=== Begin Enclosure ===

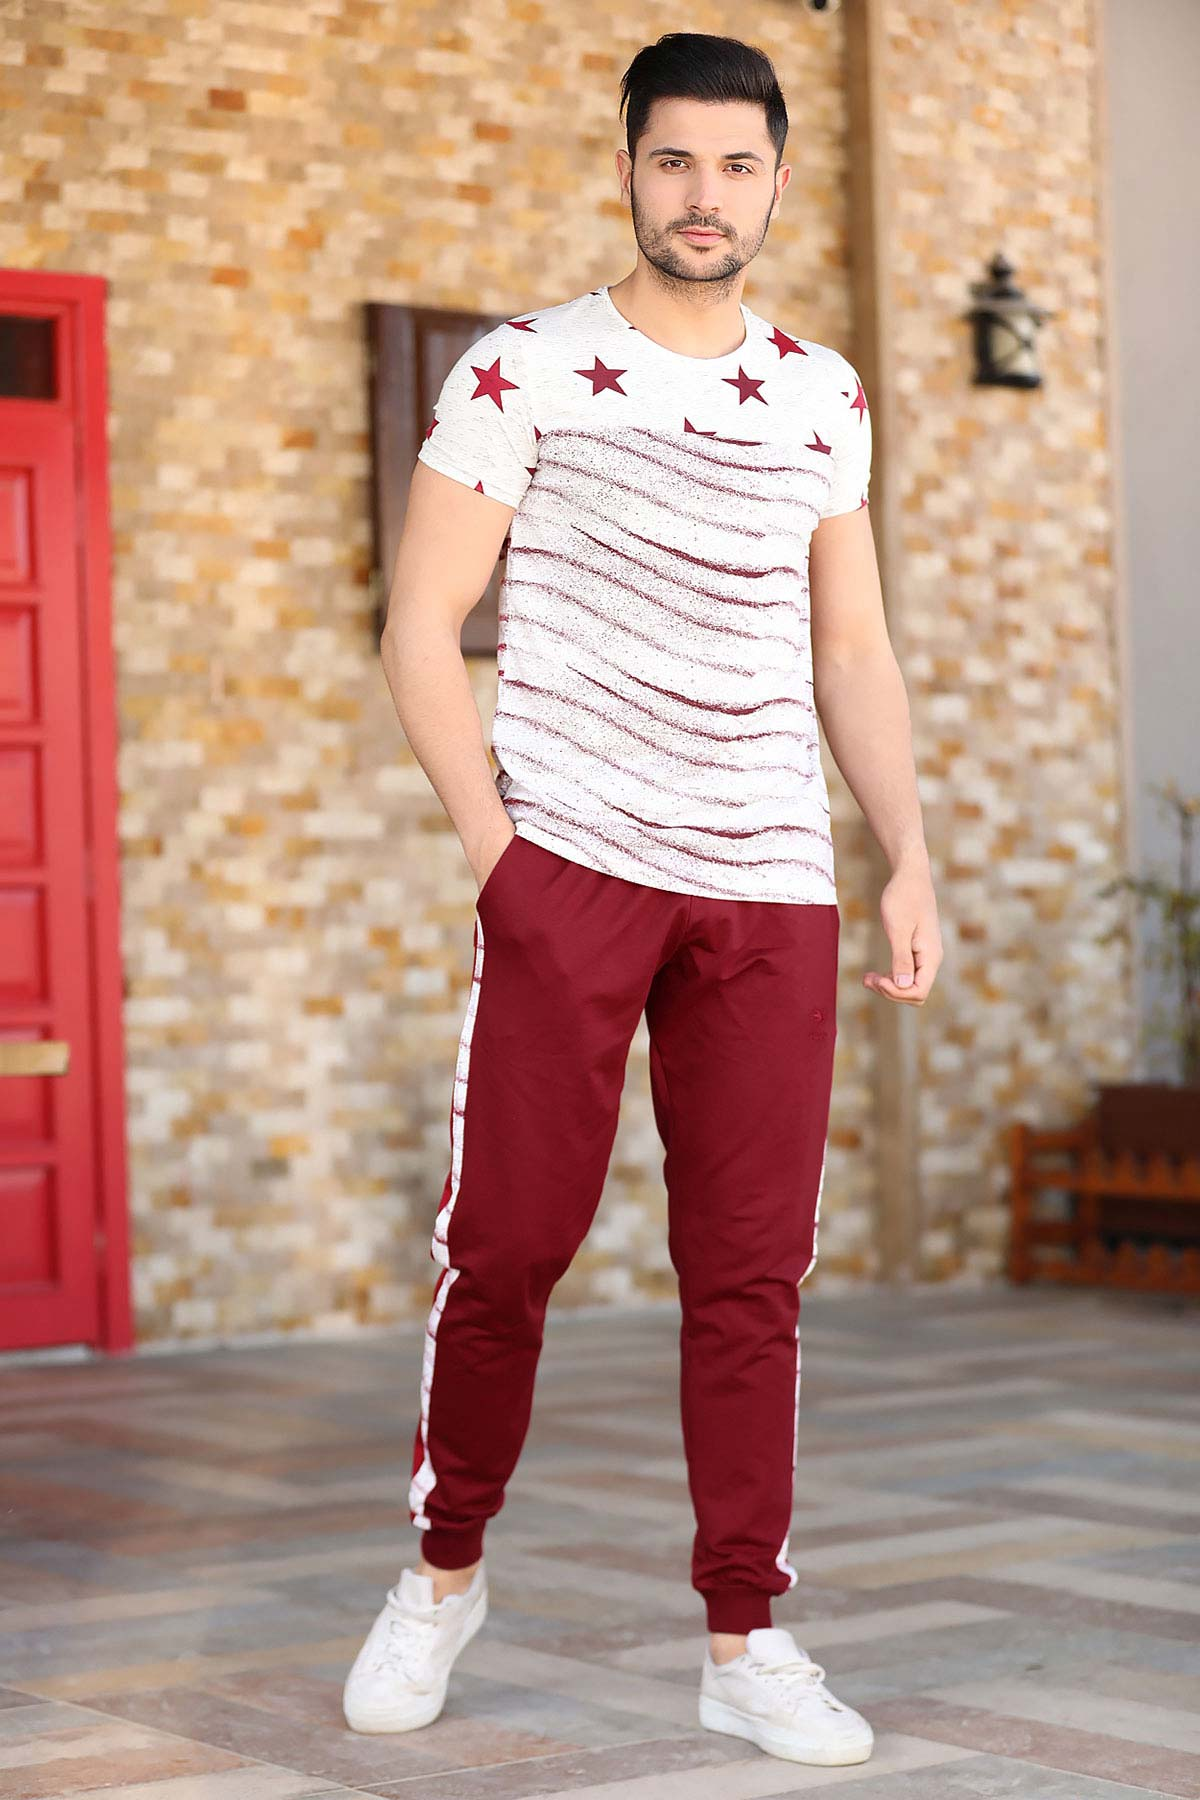 Men's Printed T-shirt Claret Red Pants Training Suit
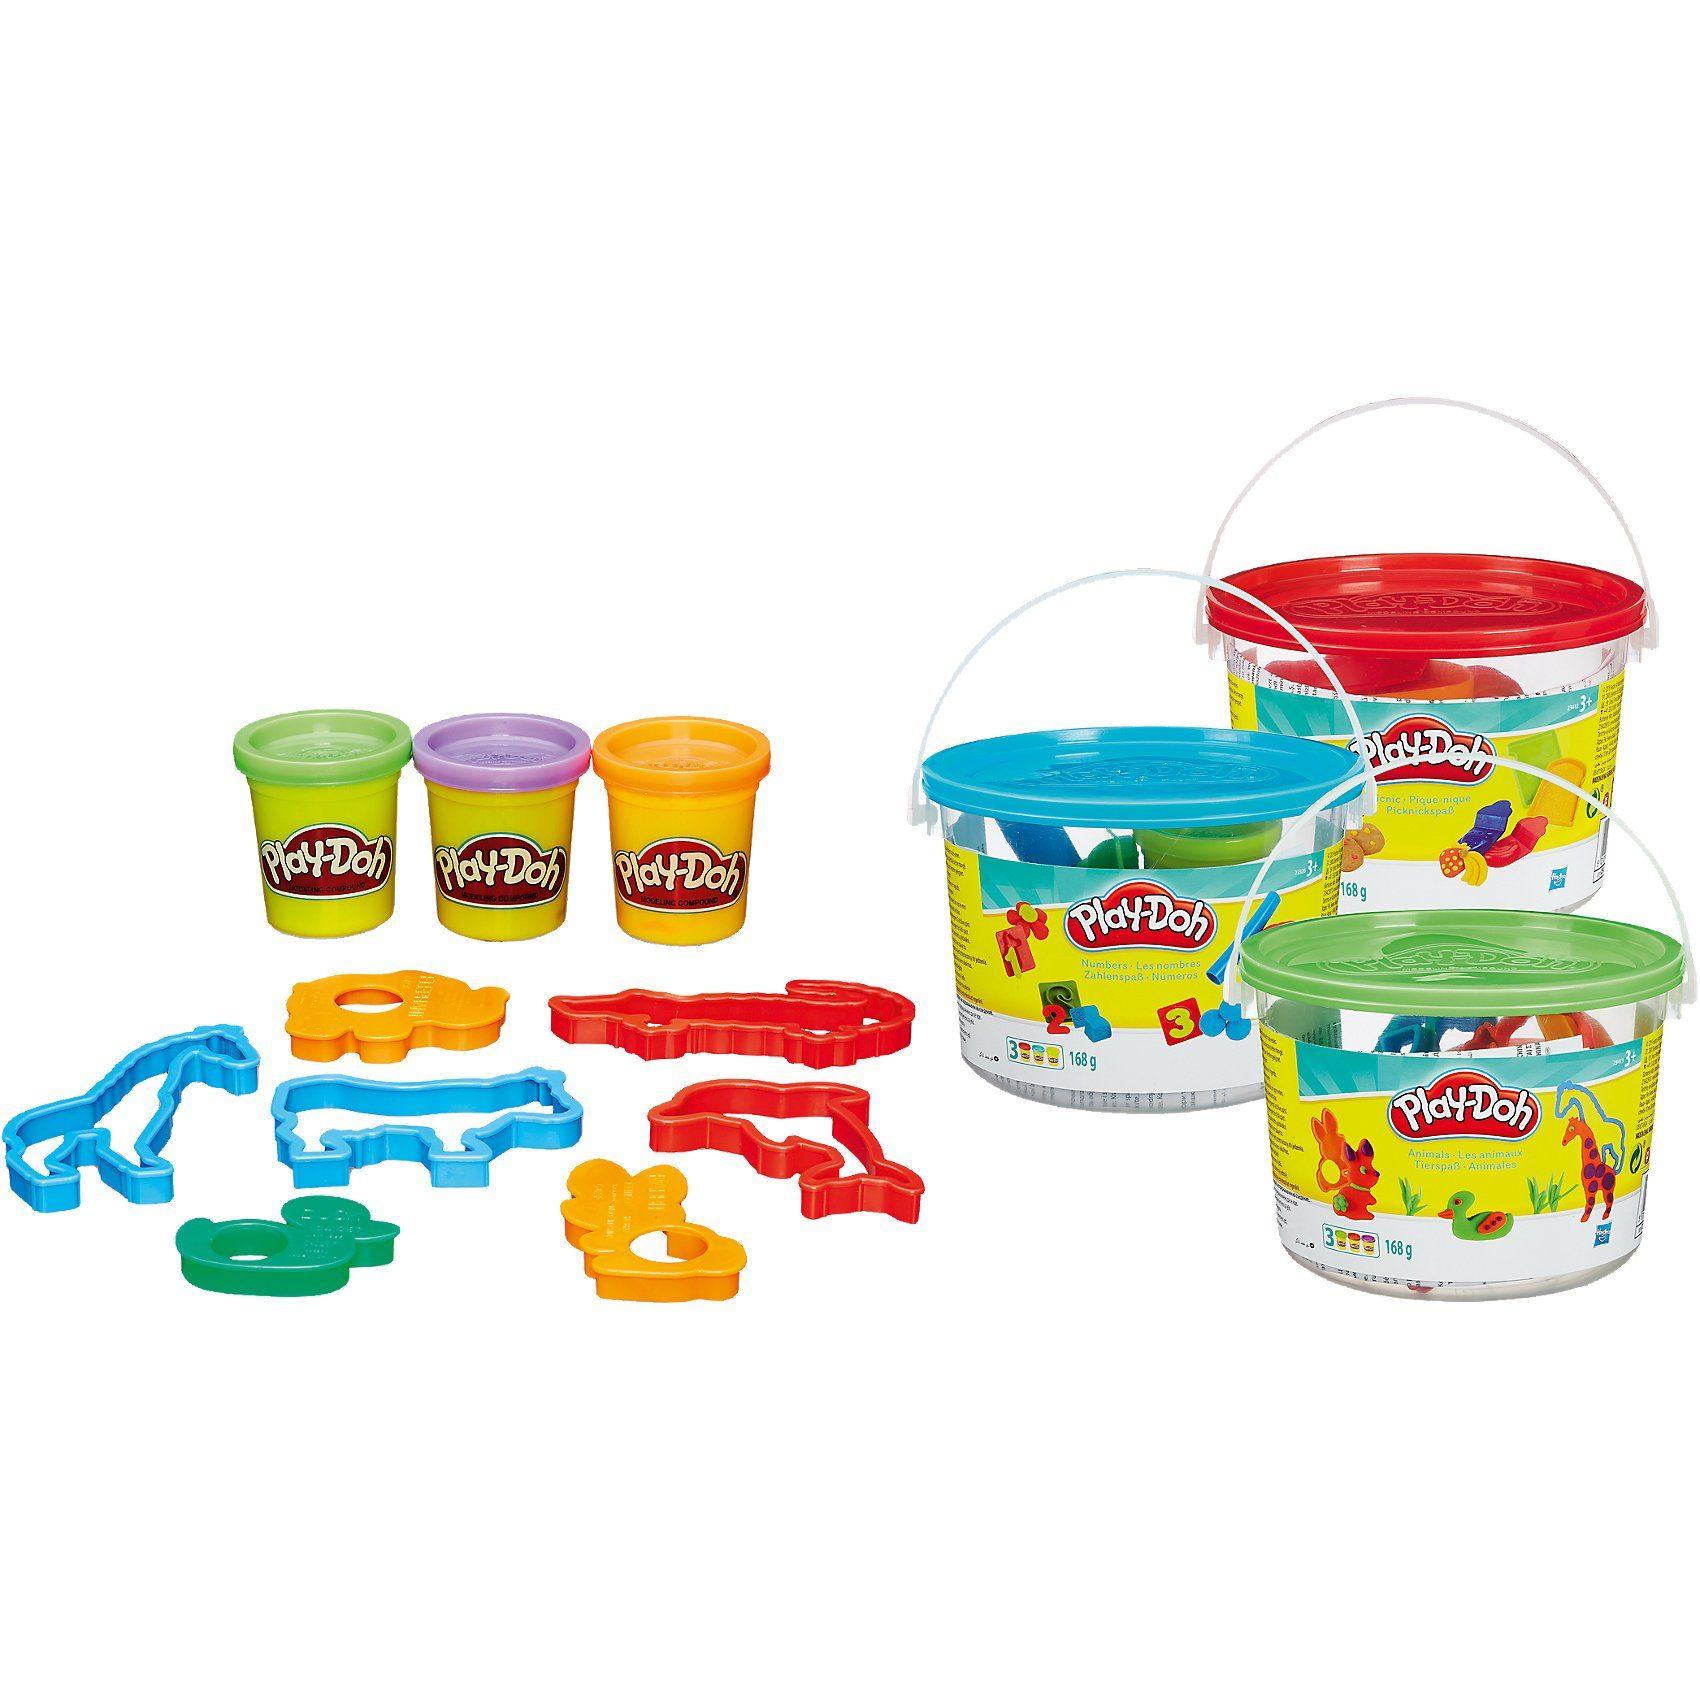 Hasbro Play-Doh Spaßeimer, Sortiment
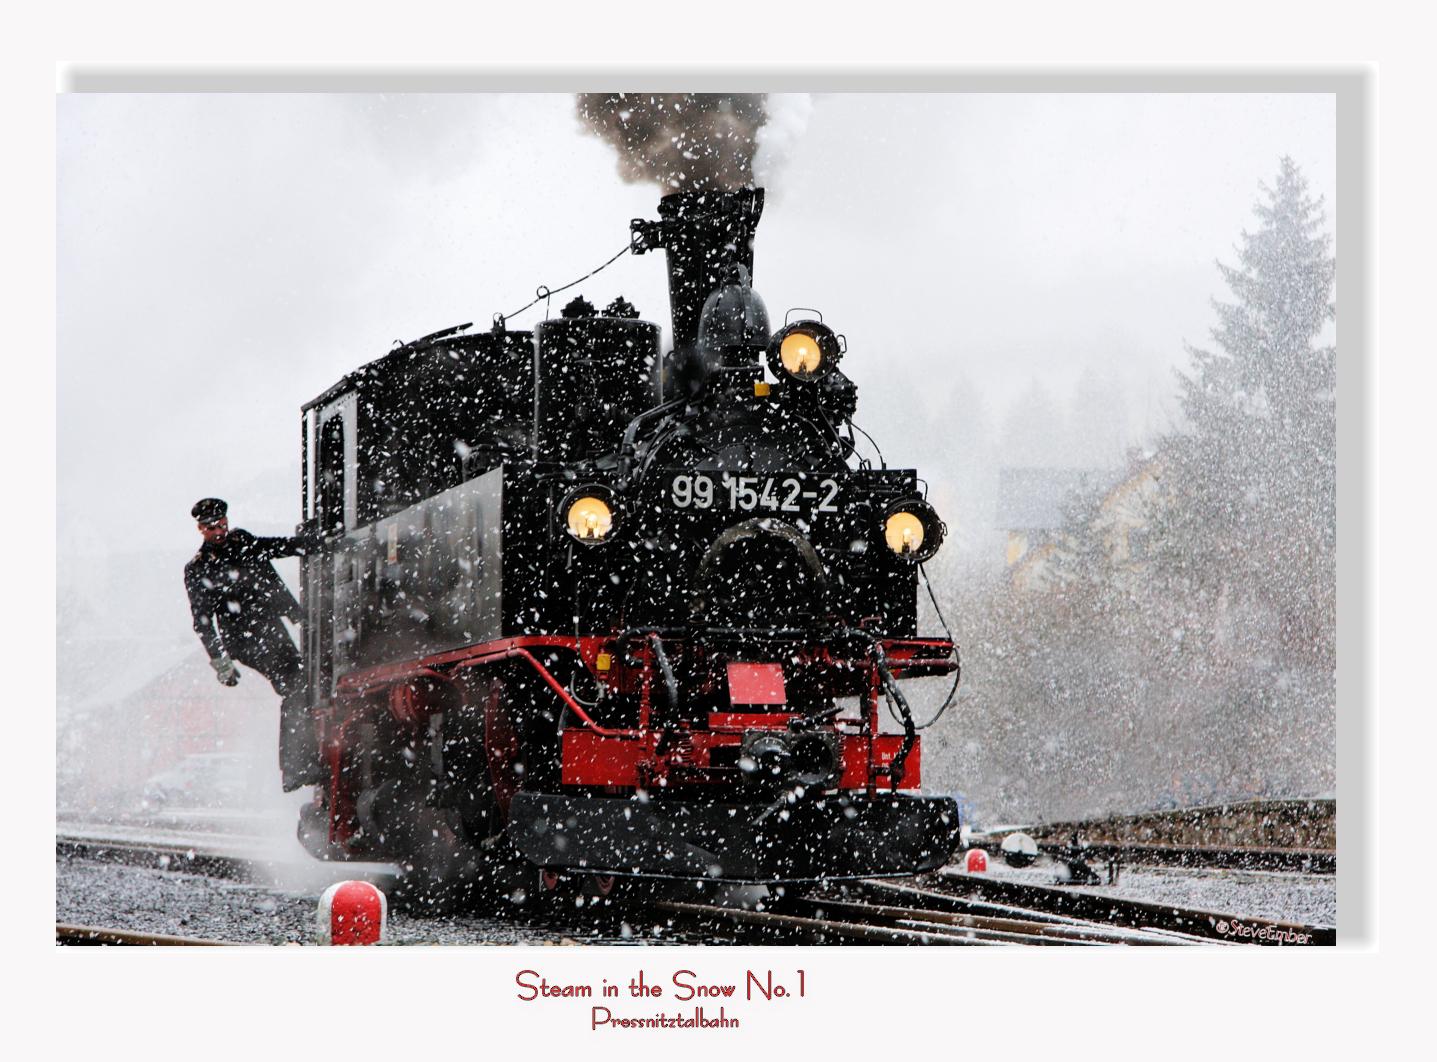 Steam in the Snow, Pressnitztalbahn No.1
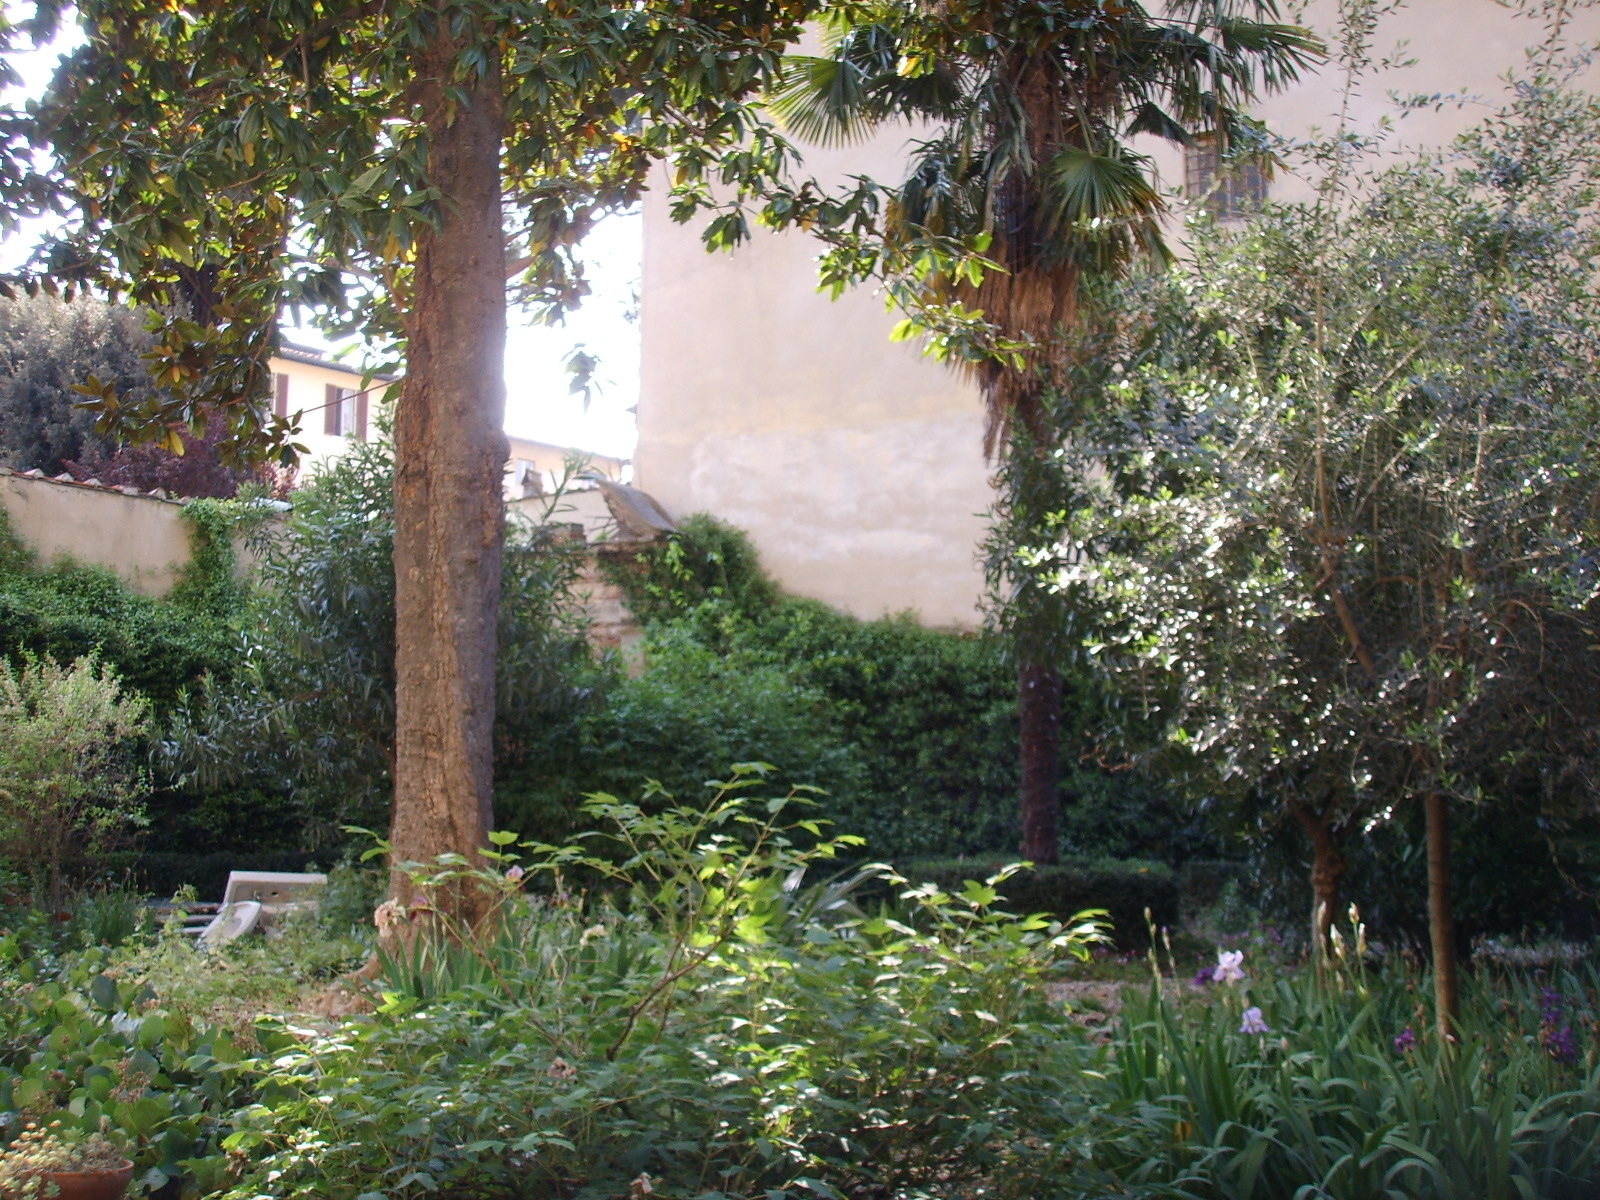 Palazzo_Roffia_giardino_06.JPG

=== End Enclosure ===

**EXERCISE GOAL:** Print the full listing exactly, dropping the pictures.

**RESPONSE AREA:**
 Men's Printed T-shirt Claret Red Pants Training Suit
 Hasbro Play-Doh Spaßeimer, Sortiment
 Steam in the Snow, Pressnitztalbahn No.1
 Palazzo_Roffia_giardino_06.JPG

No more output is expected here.